Work order:
With pictures left out, output exactly the lines of the listing below from the line that has "1.2 CTW Intense" to the line that has "Masonite 3/0 1-3/8 6PN TX HC DOOR", both lines kept.

Recorded information:

──────────────────────────────

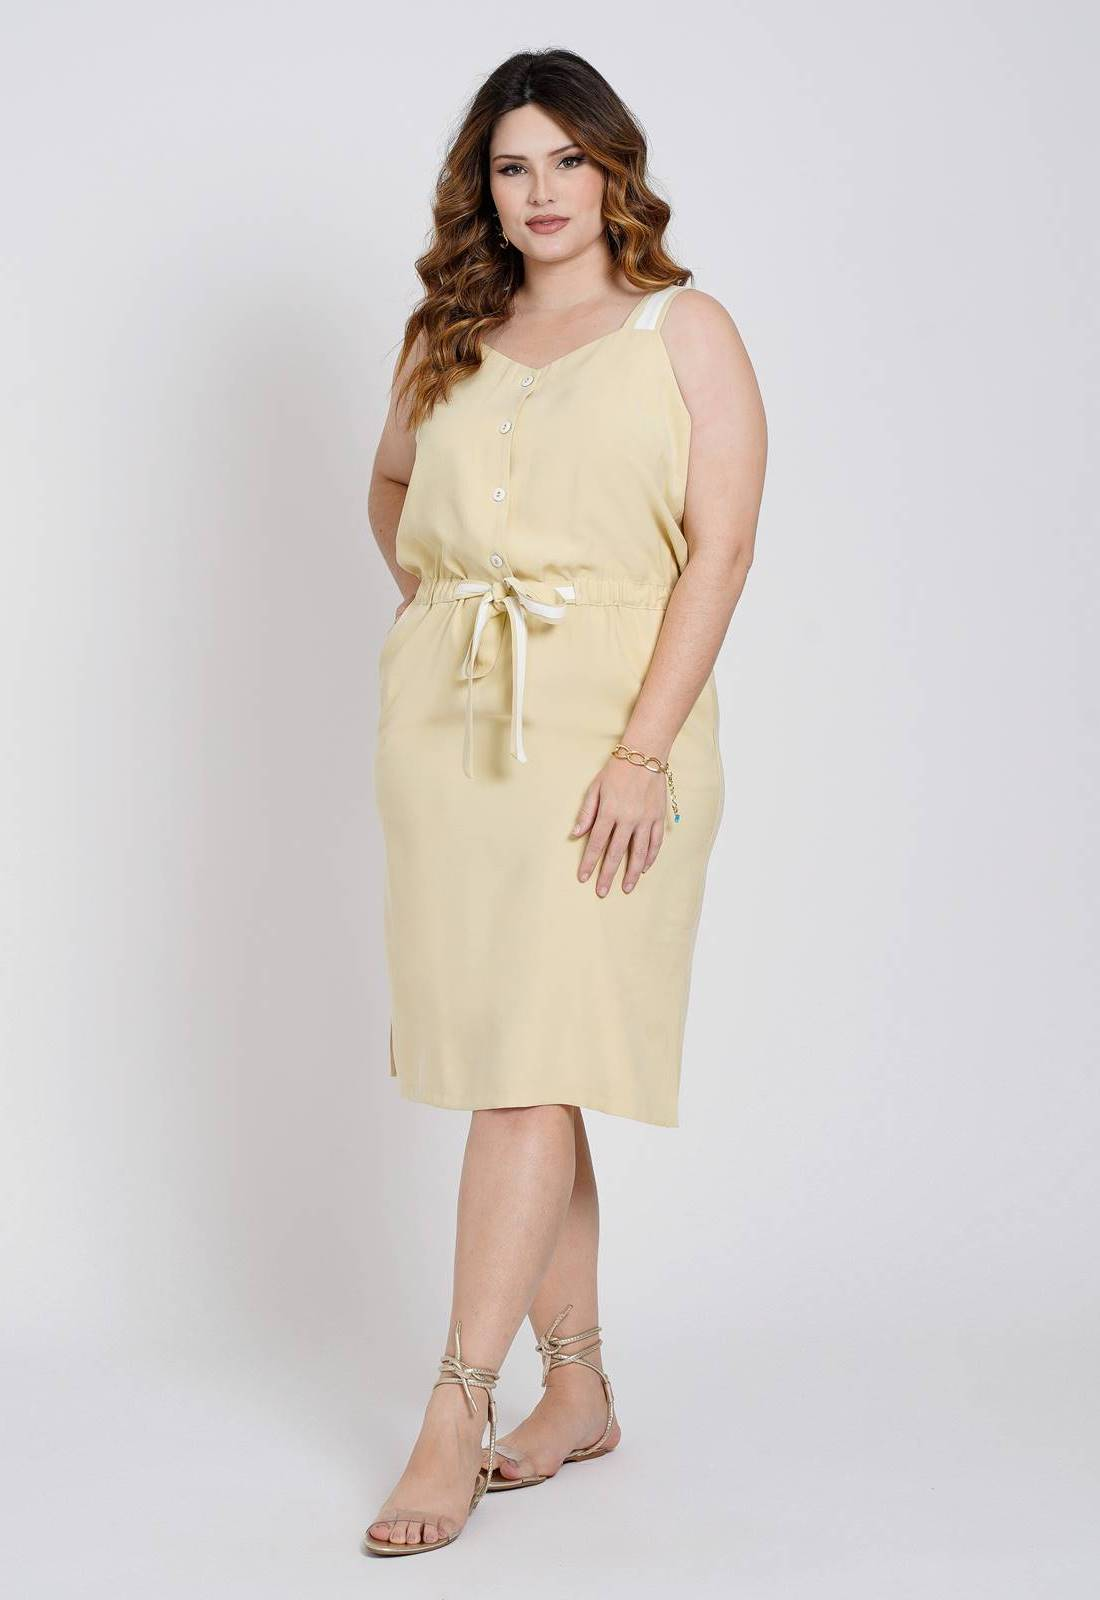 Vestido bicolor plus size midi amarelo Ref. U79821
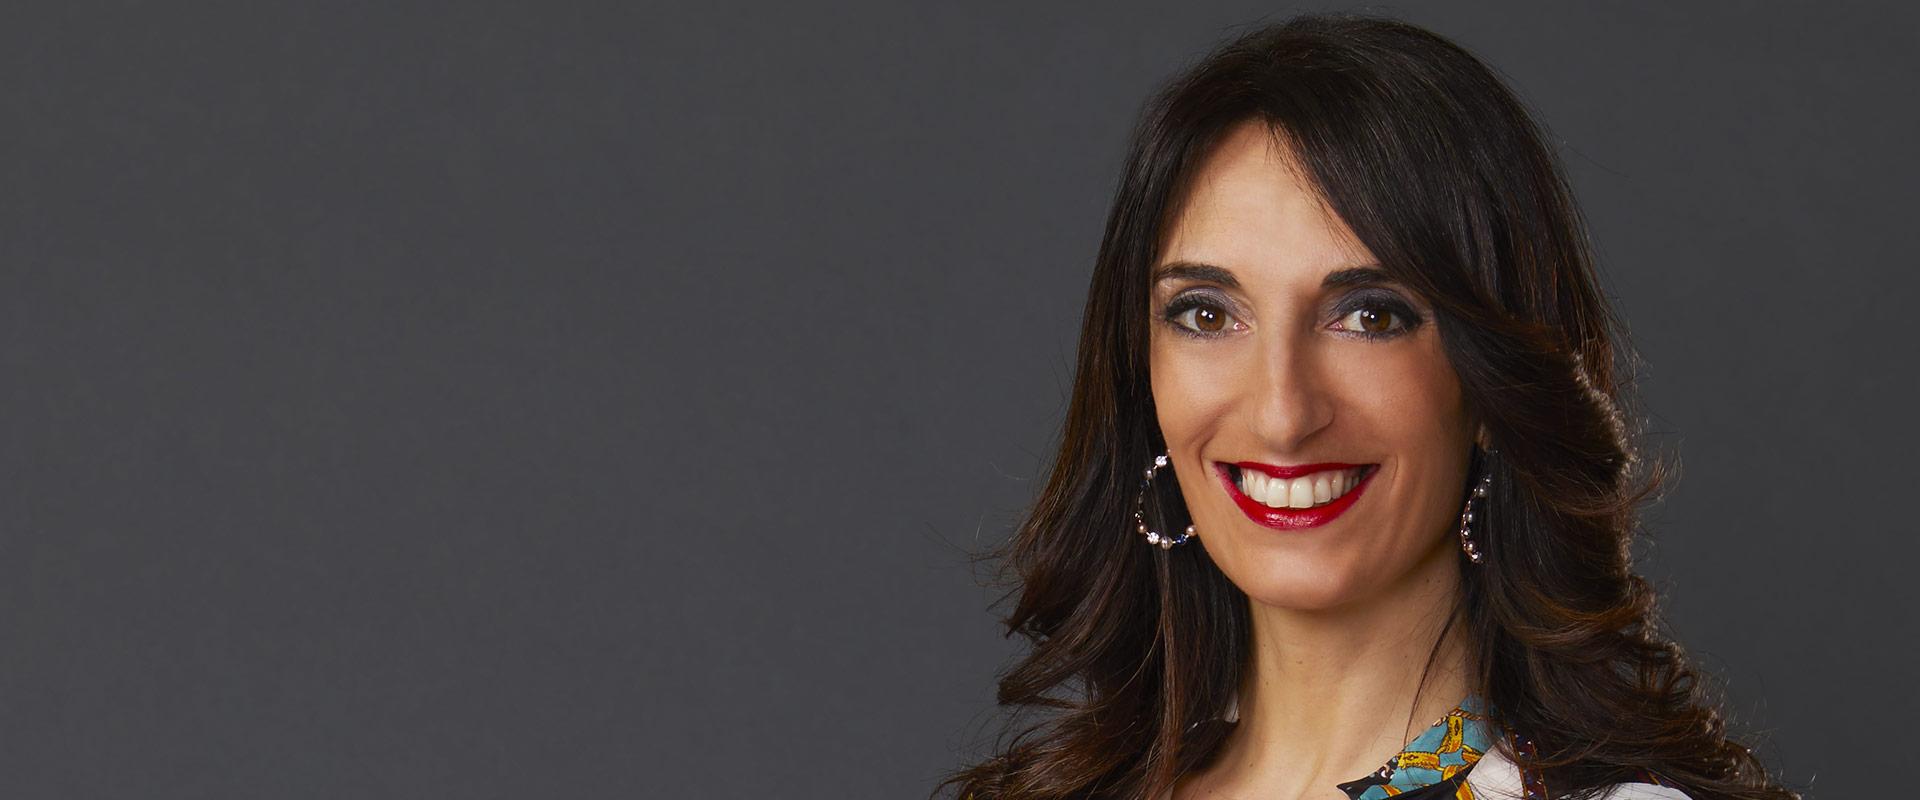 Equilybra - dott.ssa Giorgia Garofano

──────────────────────────────

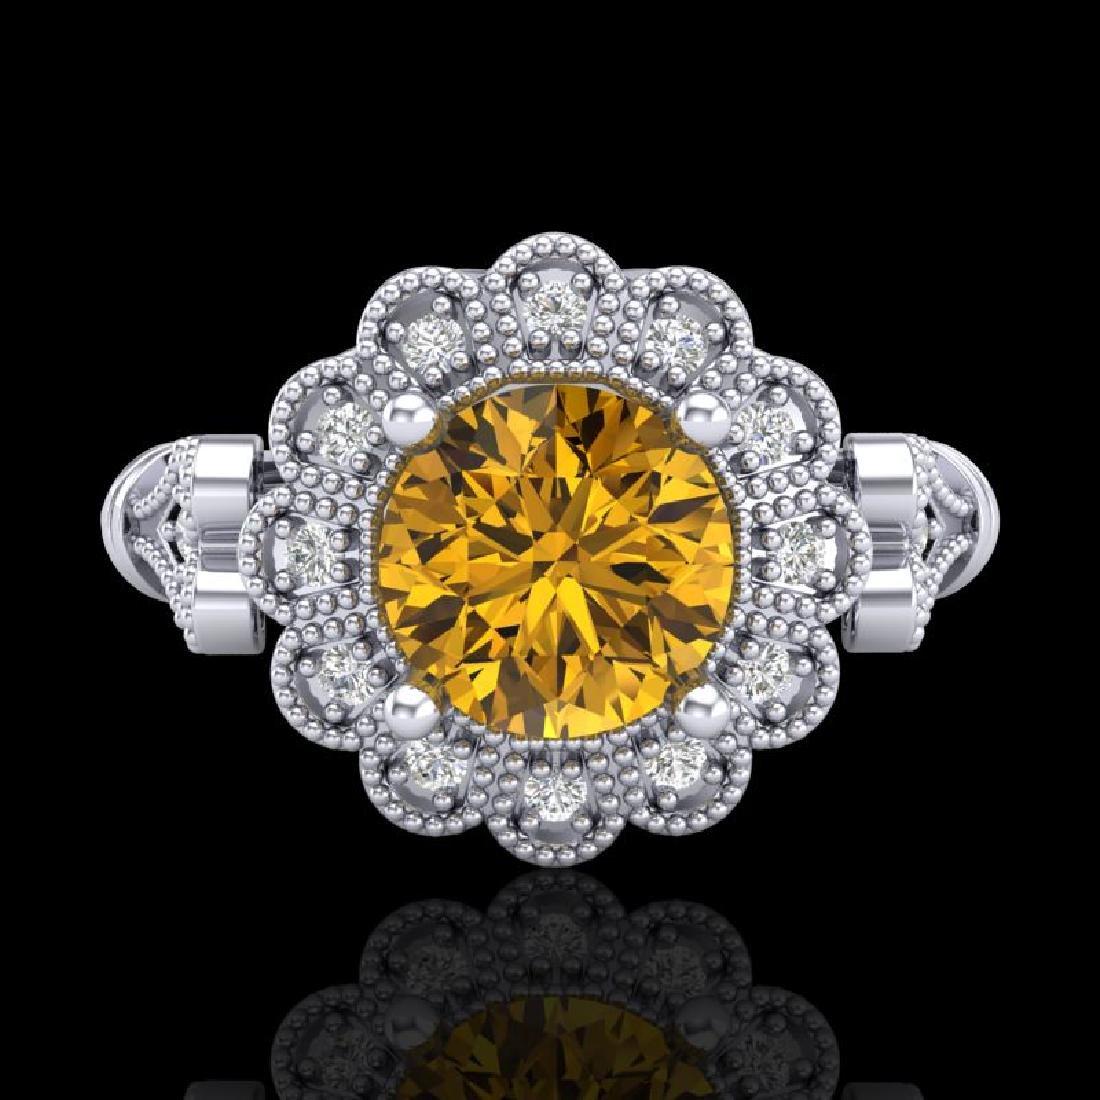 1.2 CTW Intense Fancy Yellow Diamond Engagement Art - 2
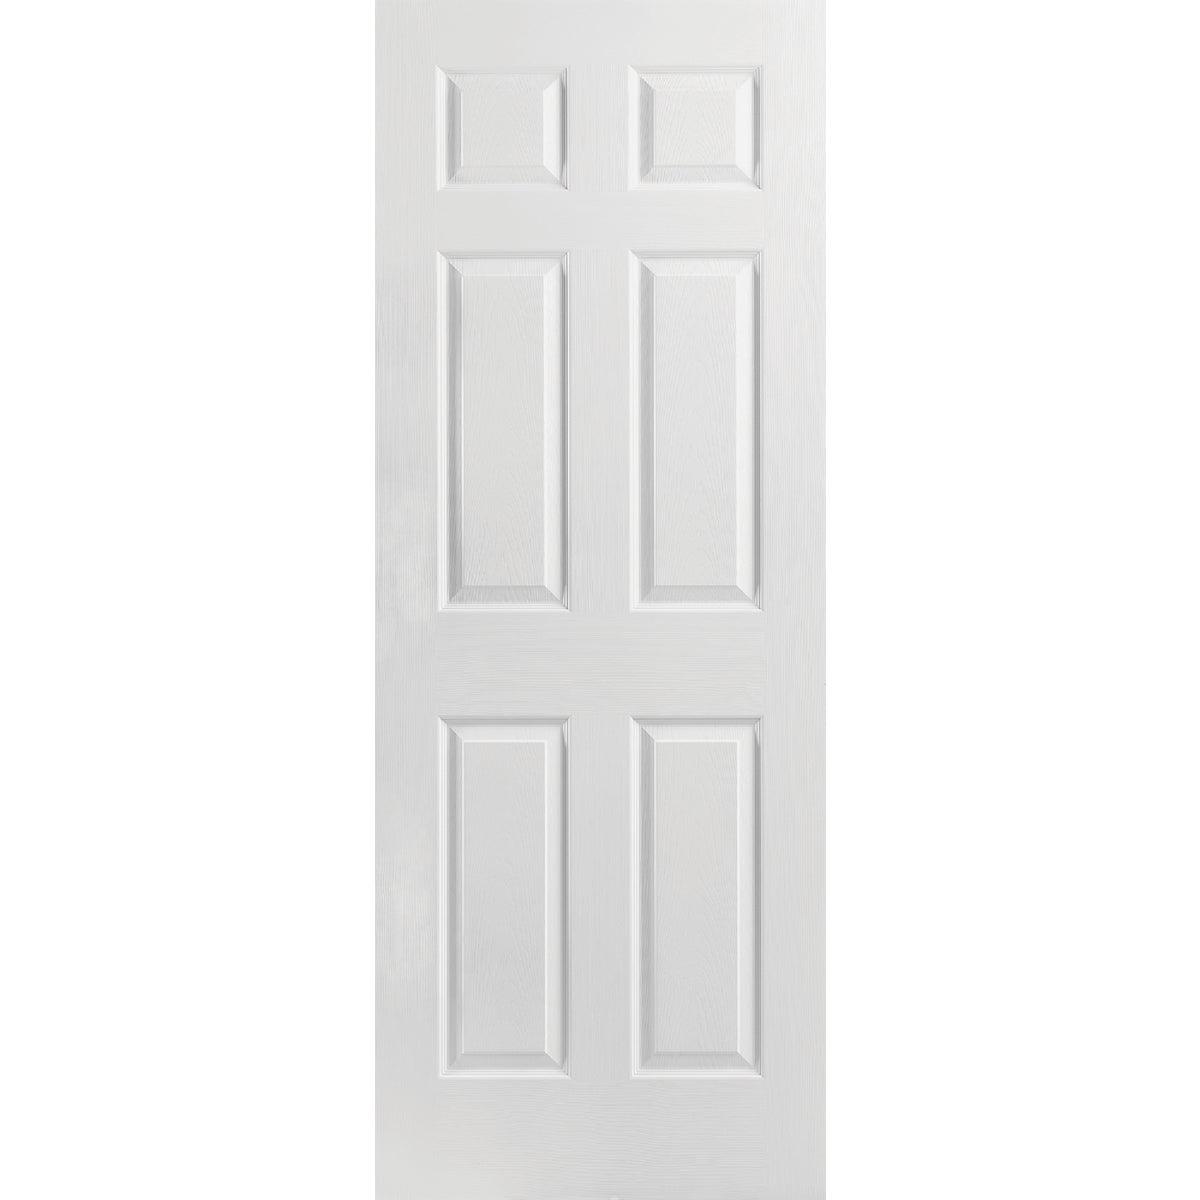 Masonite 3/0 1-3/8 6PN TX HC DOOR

──────────────────────────────

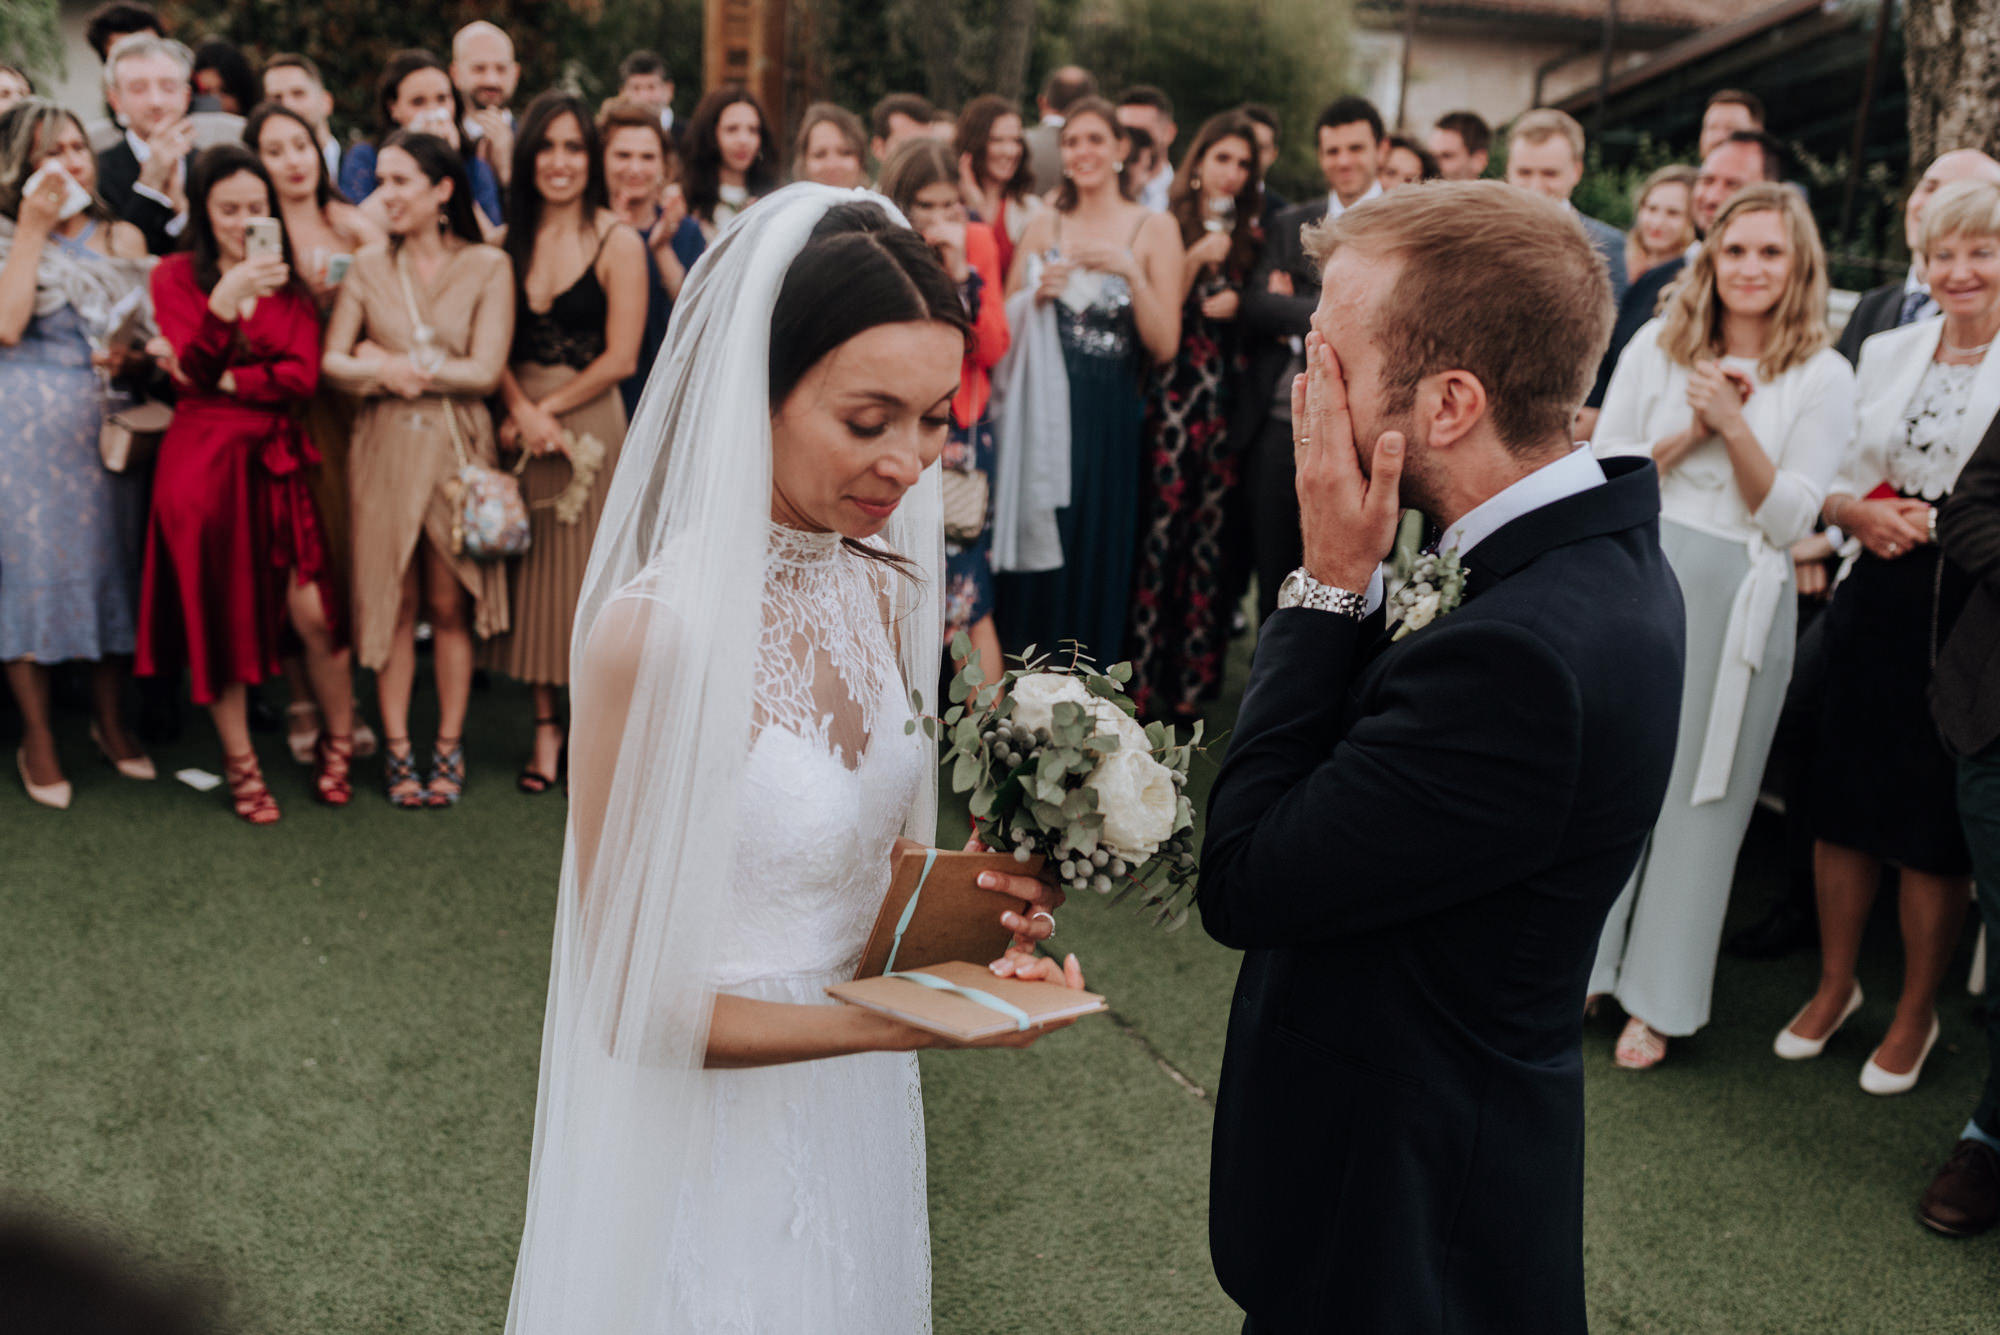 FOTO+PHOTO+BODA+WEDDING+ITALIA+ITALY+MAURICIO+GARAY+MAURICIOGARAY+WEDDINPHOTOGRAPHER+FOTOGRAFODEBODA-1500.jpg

──────────────────────────────

Answer space:
 1.2 CTW Intense Fancy Yellow Diamond Engagement Art - 2
 Masonite 3/0 1-3/8 6PN TX HC DOOR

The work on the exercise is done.